It's like many other kitchen items... it's designed more for a specific purpose, but you may already have something that does the job just as well. like you dont need one of those bagel slicers, cause your bread knife will cut a bagel just fine, but its fun and specifically for that task.

Your gyuto is prefectly suited for all your veg prep. but the nikiri is design more specifically for it. i will say, it certainly is alot of fun  I have a watanabe nakkiri i just purchased, and ive used a ton so far. but if i have 10 people coming for dinner and a ton of different things to prep im just using my gyuto for all tasks.

are you a minimalist or do you like having a tool for every task?


----------



## XooMG (Mar 22, 2014)

I quite like the concept of a nakiri in confined areas. My gyuto can do a very good job with veg, but having a shorter dedicated blade lets me work more intimately without a large part of the knife going unused or potentially bumping into things on a crowded counter. I can keep sharpening it whenever I like without reducing its length or profile noticeably.

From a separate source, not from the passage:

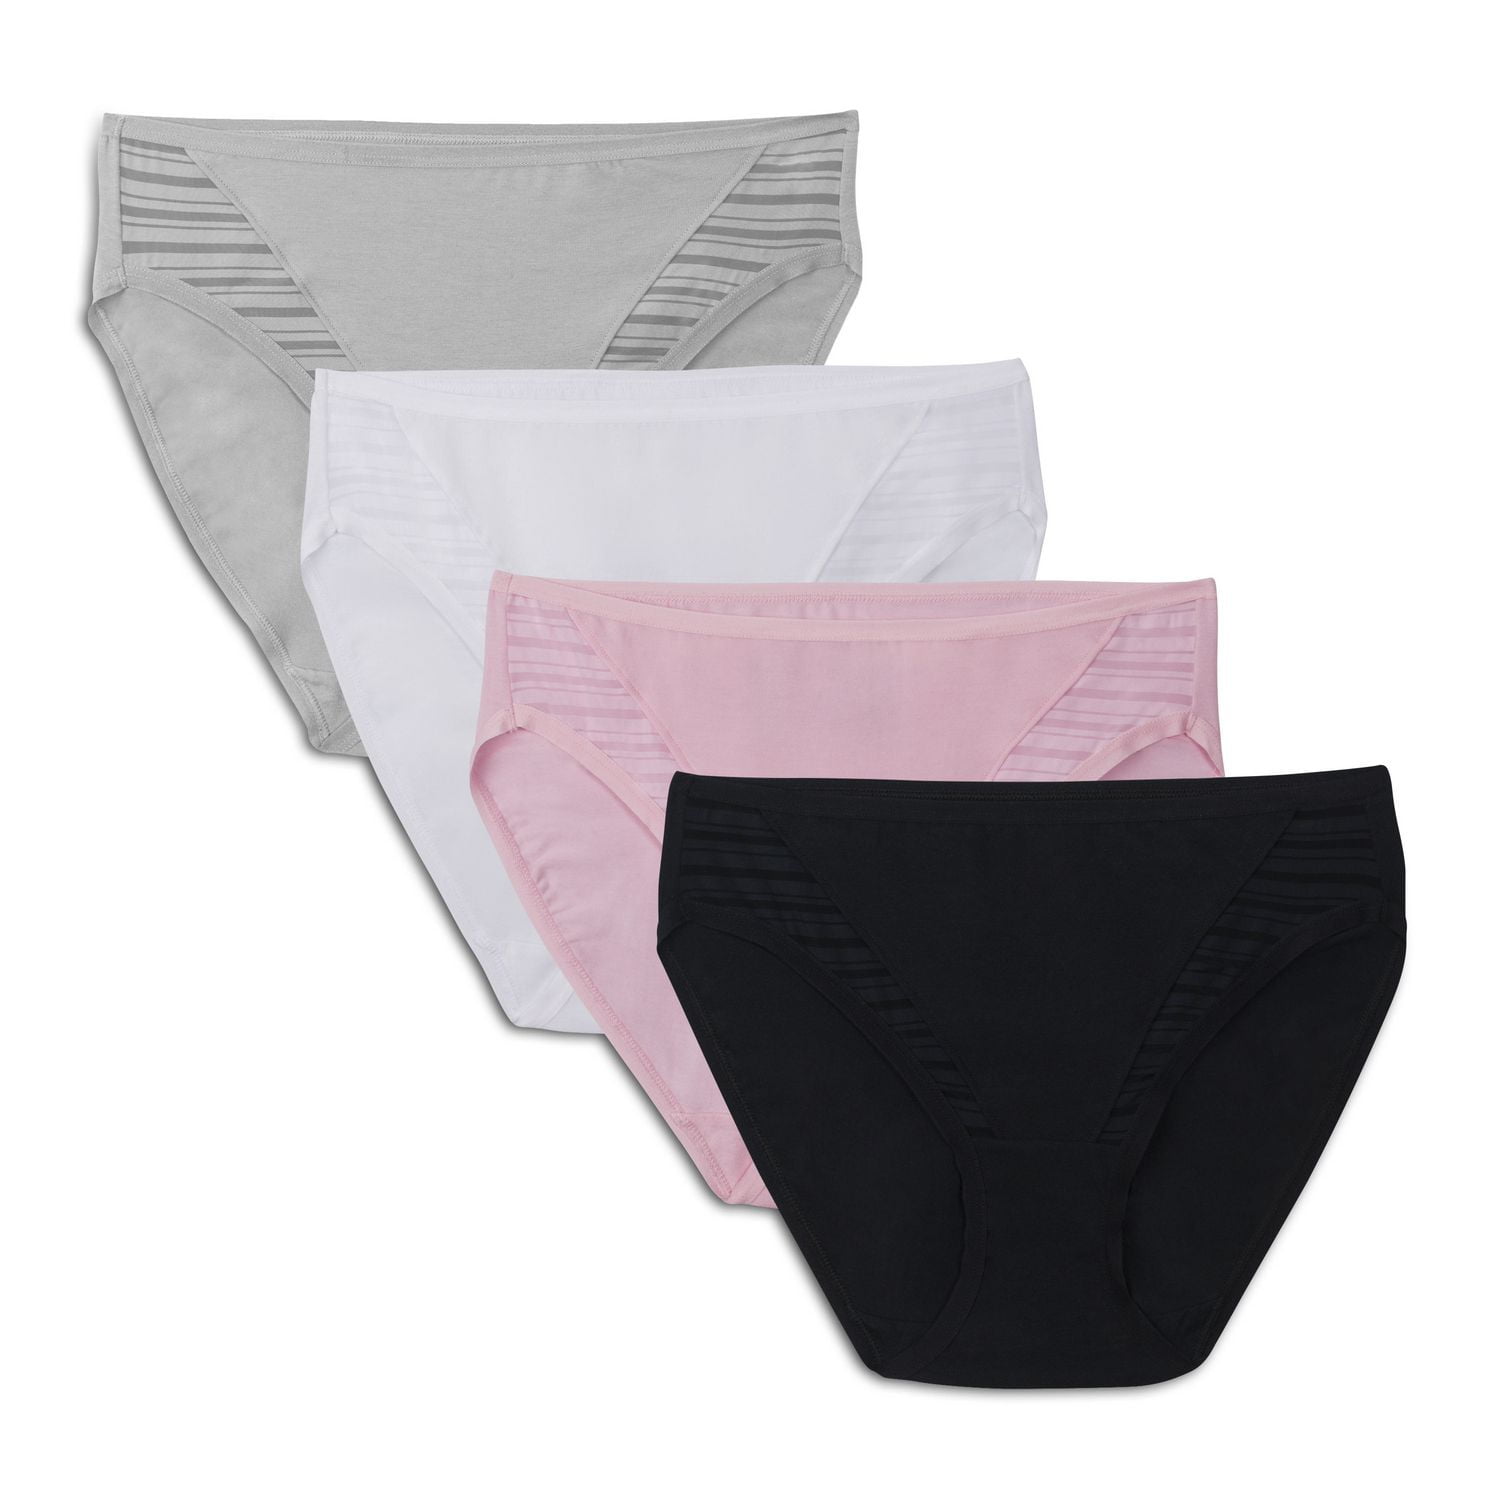  Fruit Of The Loom Womens Underwear Moisture Wicking  Coolblend Panties, Hi-Cut - Fashion Assorted, Small

I also like a 180mm-range cleaver, but they are too tall for me sometimes.


----------



## DitmasPork (Mar 22, 2014)

echerub said:


> A nakiri is definitely not indispensable, particularly if you're already used to using a gyuto for most things. A nakiri is a substitute when you are prepping small veggies & tofu products. Its advantage over something like a gyuto is the fact that you get a lot of flat edge for push cutting without "wasting space" with a curved edge and tip at the front.
> 
> For a true multi-purpose knife, Rick and Dave are absolutely correct about chinese cleavers (chuka bocho) instead.
> 
> A chinese cleaver can replace a gyuto. They are direct substitutes for one another. A nakiri cannot and is not - it is a substitute in a limited domain, for those times when you don't have enough space or when you just feel like it. So unless you are working in tight quarters, it is not indispensable. But on the off-chance that you're crammed in tight... maybe



Really appreciate the insights. I used to use a cleaver almost exclusively back in the 80s, my trusty Dexter Chinese Veggie Cleaver served me well in those formative days. I used to abuse the Dexter quite a bit, hacking through chickens and whatever came its way. With a Nakiri, can it go through the same abuse or is it delicate like most Japanese knives? They do look like fun.


----------



## Bill13 (Mar 22, 2014)

Nakiri's in general have very thin blades so no hacking at things with bones.


----------



## Pensacola Tiger (Mar 22, 2014)

Bill13 said:


> Nakiri's in general have very thin blades so no hacking at things with bones.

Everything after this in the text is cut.